Why Anthony Weiner is America's Boris Johnson

"Carlos Danger" is the man New Yorkers just can't let go of.

New York is in the grip of two things right now. The first is a dripping heatwave; nearly 40 degrees last weekend, humid, a relentless creeping heat; not even night brings respite from the temperature. The city is drenched in sweat. 

The second thing gripping New York is comeback fever.

There is an election of metropolitan government offices this November, and before the election comes the primary, and all eyes are on the Democratic primary this time around for two posts in particular. The first is Mayor, of course; the mayor of New York is one of the most powerful people in the country, replacing the quietly powerful Michael Bloomberg who has been in the job since 2002; and the second is comptroller, the second-most powerful position in the city.

Current frontrunners for both of these positions are two men with one thing in common – they are both repentant sinners, asking the for electoral forgiveness for tabloid-splash sex scandals that ruined earlier careers. 

The headline act, running for mayor, is former congressman Anthony Weiner – the name, as everyone and their intern have already pointed out, is an all-too-easy punchline – who fell from grace as in 2011 for accidentally tweeting a picture of his briefs-clad penis instead of direct-messaging it, which led to a storm of other revelations which quickly drove him from his job. By all accounts, Weiner was not unfaithful in real life – he just maintained a series of candid online relationships. But: his name is Weiner. Tabloid catnip.

Running for comptroller, and sharing Weiner's ticket if he wins the nomination, is the former Governor of New York and fiery former state attorney-general before that, Eliot Spitzer, who resigned in 2008 when information surfaced about his lavish prostitute habit.

But America, more than anything else, loves a penitent sinner. If recent polling is any indication, they love them more than one who has never sinned at all: the day after it emerged that Weiner had used the name “Carlos Danger” to send sexual pictures and messages to a 23-year-old blogger as recently as last summer, not just after his resignation from Congress but while he was planning his comeback in a long and soul-searching interview with the New York Times magazine, a Quinnipiac poll placed him four points ahead of his next rival Christine Quinn – though it should be noted that barely overlapped with the latest developments, so may not fully reflect the public mood. Spitzer, in the same poll, leads his closest rival 48-33.

“The problem isn't adultery, or perversity. It's wielding your position of authority to subjugate the women who dream of a piece of the pie,” tweeted Lena Dunham about Weiner, but she's got the situation all wrong.

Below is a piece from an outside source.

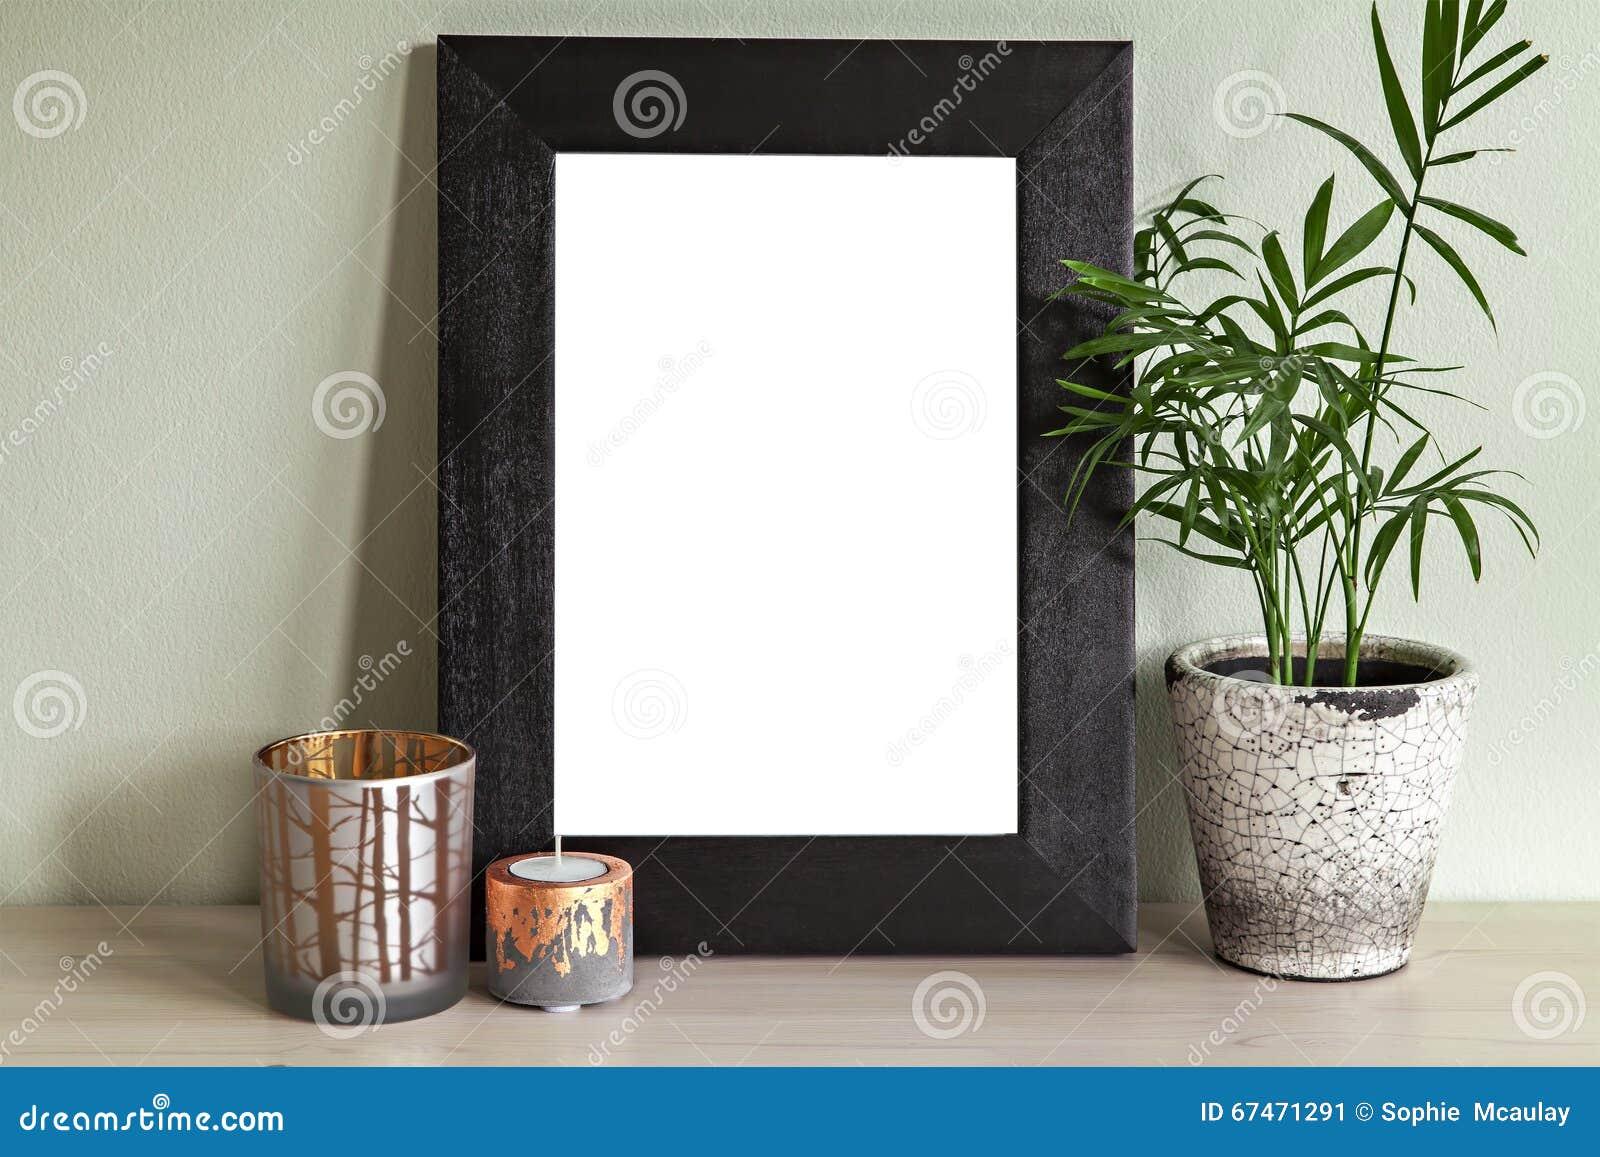 Standing Frame Mock Up Scene Stock Image - Image of lifestyle, desk ...

A politician who sends a picture of his penis to someone online is getting not a sadistic thrill but a masochistic one. Weiner volunteered for the ultimate vulnerability, and his public flagellation since has been an extension of that. He has a self-destructive streak.

Ironically, that may well turn out to be the making of him. Were it not for the "sexting", far fewer people would recognise the name of Anthony Weiner. He would be a decent but undistinguished part of the Democratic congressional machine who would have had to get famous, as it were, the hard way. The office of Mayor of New York would be far beyond his reach.

These scandals now have a formulaic familiarity to them now. First the news breaks; then a sacrifice is demanded: a stepping-down, a public humiliation. An apology from a podium, flanked – in Weiner's case – by a nobly suffering spouse, his wife, Clinton aide Huma Abedin, whom he married less than a year before the scandal first broke. A period of grace must follow, out of the public eye. But then, after that sentence has elapsed, the Penitent Sinner is welcomed back, often – as here – more popular than ever. Bill Clinton was the template for all of this; impeached after lying about his affair with Monica Lewinsky, he ended up leaving office with the highest approval rating of any President since the Second World War.

It also helps Spitzer and Weiner that New York loves an outsider. As candidates famous in their own right, even if the fame is more like infamy, neither of the two have to toe any party line. Scandal revealed, paradoxically, lends the two an air of candour that evades other politicians. Weiner, with his worn-out punchline of a name, is famous: and America worships fame more than anything else. Spitzer, for his sins, just comes across as a straight-shooter. The conclusion has to be this: America is a country that more readily gives a second chance than a first.

Londoners will know only too well how this goes. Our own Boris Johnson was elected almost entirely on the strength of name recognition, and is able to shrug off scandal after love-child scandal; he is a loveable rogue. It is down this well-trodden path that 'Carlos Danger' now hopes to tread; he hopes, like Johnson, to turn the joke to his advantage.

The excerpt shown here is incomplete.